De kantonrechter stelt voorop – zoals bij arrest van 7 februari 2020 bevestigd door de Hoge Raad (ECLI:NL:HR:2020:213) – dat de wilsgebrekenregeling uit het algemeen vermogensrecht ook toegepast kan worden in het arbeidsrecht. Daarbij zal echter wel rekening moeten worden gehouden met het bijzondere karakter van de arbeidsovereenkomst, in die zin dat het beroep op het wilsgebrek niet in strijd komt met het systeem of de strekking van het ontslagrecht en er dus niet toe mag leiden dat de werknemersbescherming wordt aangetast of ondermijnd.
5.4.
Het voorgaande brengt met zich dat aan een beroep op (vernietiging wegens) dwaling dezelfde (strenge) eisen worden gesteld als aan een (om diezelfde reden gegeven) ontslag op staande voet. Zou dat namelijk niet het geval zijn, dan zou, door de arbeidsovereenkomst te vernietigen wegens een wilsgebrek, een route gecreëerd worden om het ontslagrecht te omzeilen en dat is niet de bedoeling. Het beroep op dwaling kan derhalve alleen slagen, indien vast komt te staan dat [werkneemster] wist of had moeten begrijpen dat de kwaal haar ongeschikt maakte voor de functie waarnaar zij solliciteerde. Op grond van artikel 150 Rv ligt de bewijslast hiervoor bij degene die zich op de dwaling beroept (Hoogvliet).
5.5.
De kantonrechter is van oordeel dat in het onderhavige geval niet dan wel onvoldoende is gebleken dat [werkneemster] ten tijde van haar sollicitatie over zodanige informatie met betrekking tot haar gezondheid beschikte, dat zij daarvan mededeling aan Hoogvliet had behoren te doen. In dat verband is van belang dat [werkneemster] onweersproken heeft gesteld dat zij ten tijde van haar sollicitatie bij Hoogvliet al geruime tijd geen last van haar rug had en dat ze nooit eerder zittend werk had gedaan dus dat ze had verwacht dat ze dit aankon, met name ook omdat ze met studeren nooit last had gehad van haar rug. De kantonrechter is met [werkneemster] eens dat zij op basis van haar eerdere ervaring in de horeca niet had hoeven begrijpen dat zij ook ongeschikt was voor het werk als kassamedewerker. Het eerdere horecawerk (volgens [werkneemster] bestaande uit het sjouwen en tillen van zware kratten en dienbladen en het schoonmaken van een strandtent) is niet vergelijkbaar met de door Hoogvliet in de vacaturetekst voorgespiegelde werkzaamheden van een kassamedewerker. In de vacaturetekst stond immers het volgende: ‘
Dit ga je doen als aankomend kassamedewerker. Natuurlijk scan jij alle producten die de klant heeft en reken je deze met hem of haar af. Maar dat is niet alles. Je beantwoordt ook vragen van klanten en zorgt dat ze tevreden de winkel verlaten. Je roept collega’s erbij als het druk is. En als er producten terug de winkel in moeten of kapot zijn, dan regel je dit of je zorgt ervoor dat een collega die voor je opruimt. Zo zorg jij ervoor dat jouw kassa er tijdens je dienst netjes uitziet en schoon is. Aan het eind van je dienst tel je de kassa die natuurlijk klopt. Want dat is hoe jij werkt: samen, nauwkeurig en betrouwbaar’.
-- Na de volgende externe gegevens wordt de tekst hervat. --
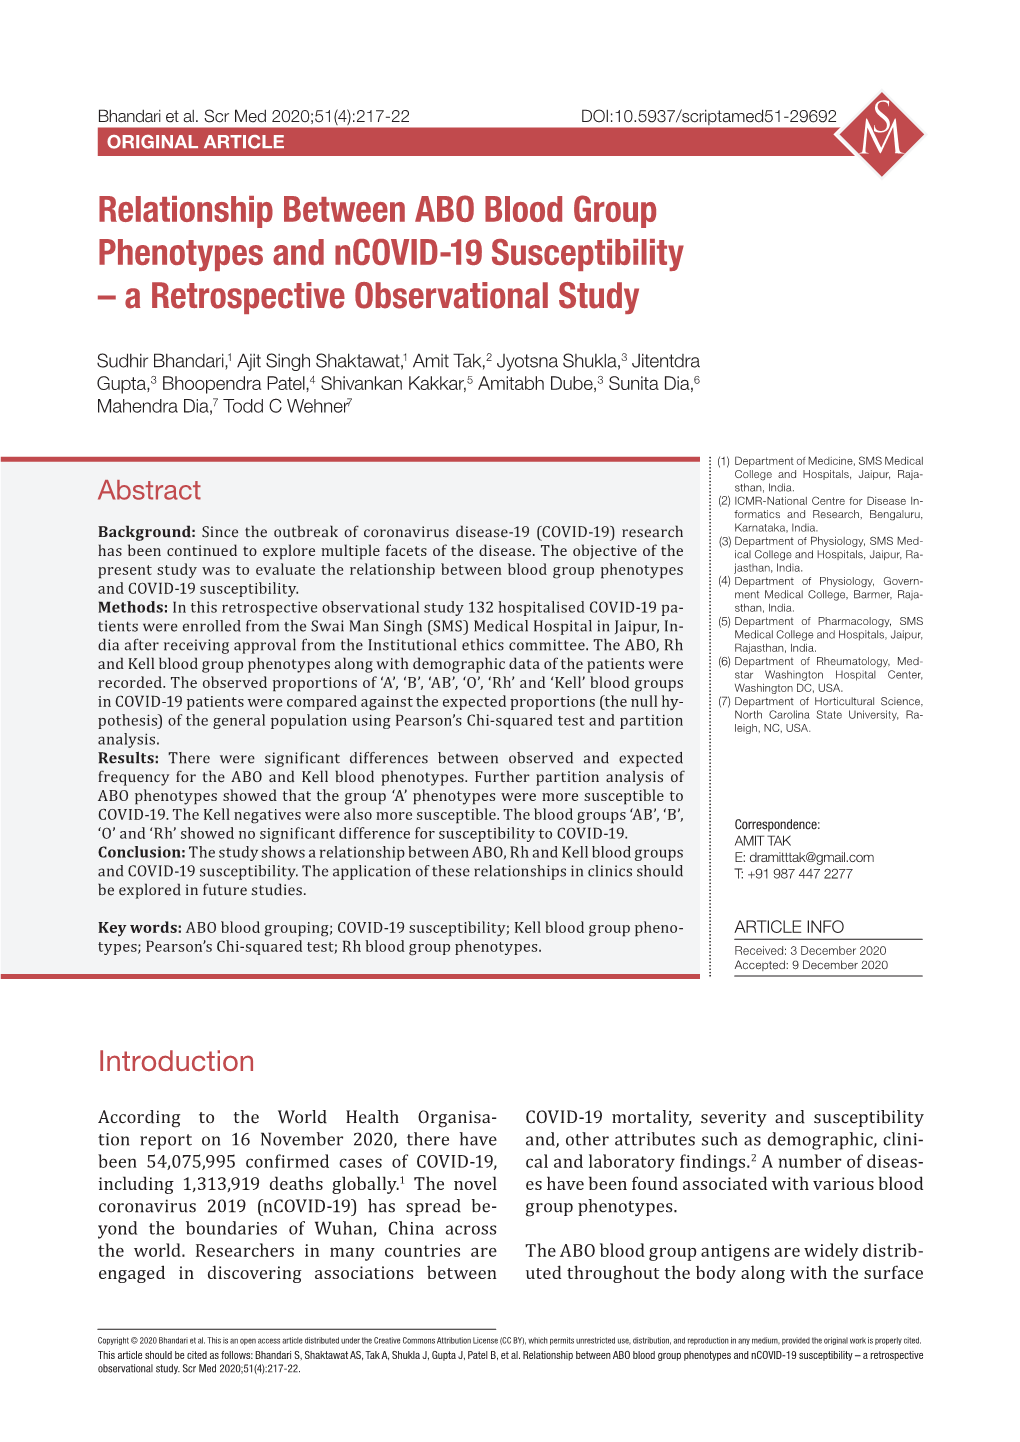 Relationship Between ABO Blood Group Phenotypes and Ncovid-19 Susceptibility – a Retrospective Observational Study

Dat Hoogvliet tijdens de sollicitatie ook inzage heeft gegeven in de bij de functie behorende fysiek belastende werkzaamheden (zoals werken met containers, vakkenvullen en schoonmaken van de winkel) is door [werkneemster] gemotiveerd betwist en daarmee niet komen vast te staan. Dat dat tijdens de introductiedag wel is gebeurd, is evenmin gebleken en bovendien niet relevant. De arbeidsovereenkomst was op dat moment al gesloten, zodat van een wilsgebrek bij de totstandkoming van de overeenkomst geen sprake kan zijn geweest. De kantonrechter is gelet op het voorgaande van oordeel de gestelde dwaling feitelijke grondslag mist en dat niet van een geschonden mededelingsplicht is gebleken.
5.6.
Het verweer van Hoogvliet dat [werkneemster] ook op 4 september 2019 onvolledige informatie heeft verstrekt, slaagt niet. Nog los van het feit dat dit heeft plaatsgevonden nadat de arbeidsovereenkomst tot stand is gekomen, en dus niet kan zien op dwaling bij de totstandkoming daarvan, laat het bericht van [werkneemster] (weergegeven onder 2.2 bij de feiten) aan duidelijkheid niets te wensen over. [werkneemster] maakt daarbij nota bene melding van haar scheve rugwervel waaruit Hoogvliet had kunnen afleiden dat de klachten geen eenmalige ‘oprisping’ was, maar een al langer bestaand probleem betroffen. Dat Hoogvliet er vervolgens – wellicht ingegeven door bezettingsproblemen – voor heeft gekozen [werkneemster] niet in de proeftijd te ontslaan maar haar in te zetten in de servicebalie, is een omstandigheid die voor haar rekening blijft en [werkneemster] niet kan worden aangerekend. Ten overvloede wordt opgemerkt dat [werkneemster] in de maand daarna wel degelijk in staat is gebleken om – ondanks haar kwaal - het werk aan de servicebalie te verrichten. Dat [werkneemster] op 4 september 2019 (had moeten weten dat ze) ook (structureel) ongeschikt was voor het werken aan de servicebalie, staat dus geenszins vast.
5.7.
De kantonrechter oordeelt op basis van het voorgaande dat Hoogvliet de arbeidsovereenkomst niet rechtsgeldig heeft vernietigd wegens dwaling. De vordering van [werkneemster] wordt dan ook toegewezen.
5.8.
De proceskosten komen voor rekening van Hoogvliet omdat zij ongelijk krijgt. Het salaris gemachtigde wordt conform het Liquidatietarief begroot op een bedrag van € 360,00 (1 punt tegen een tarief
van € 360,00)

6.De beslissing

De kantonrechter:
6.1.
verklaart voor recht dat de vernietiging van de arbeidsovereenkomst door Hoogvliet wegens de gestelde dwaling in haar brief aan [werkneemster] van 17 oktober 2019 niet rechtsgeldig is en dat de arbeidsovereenkomst tussen partijen om die reden op 17 oktober 2019 nog bestond;
6.2.
veroordeelt Hoogvliet in de kosten van deze procedure, die aan de kant van [werkneemster] worden begroot op € 360,00;
6.3.
verklaart dit vonnis uitvoerbaar bij voorraad;
Dit vonnis is gewezen door mr. R.I.V. Scherpenhuijsen Rom, kantonrechter, en op bovengenoemde datum in het openbaar uitgesproken in aanwezigheid van de griffier.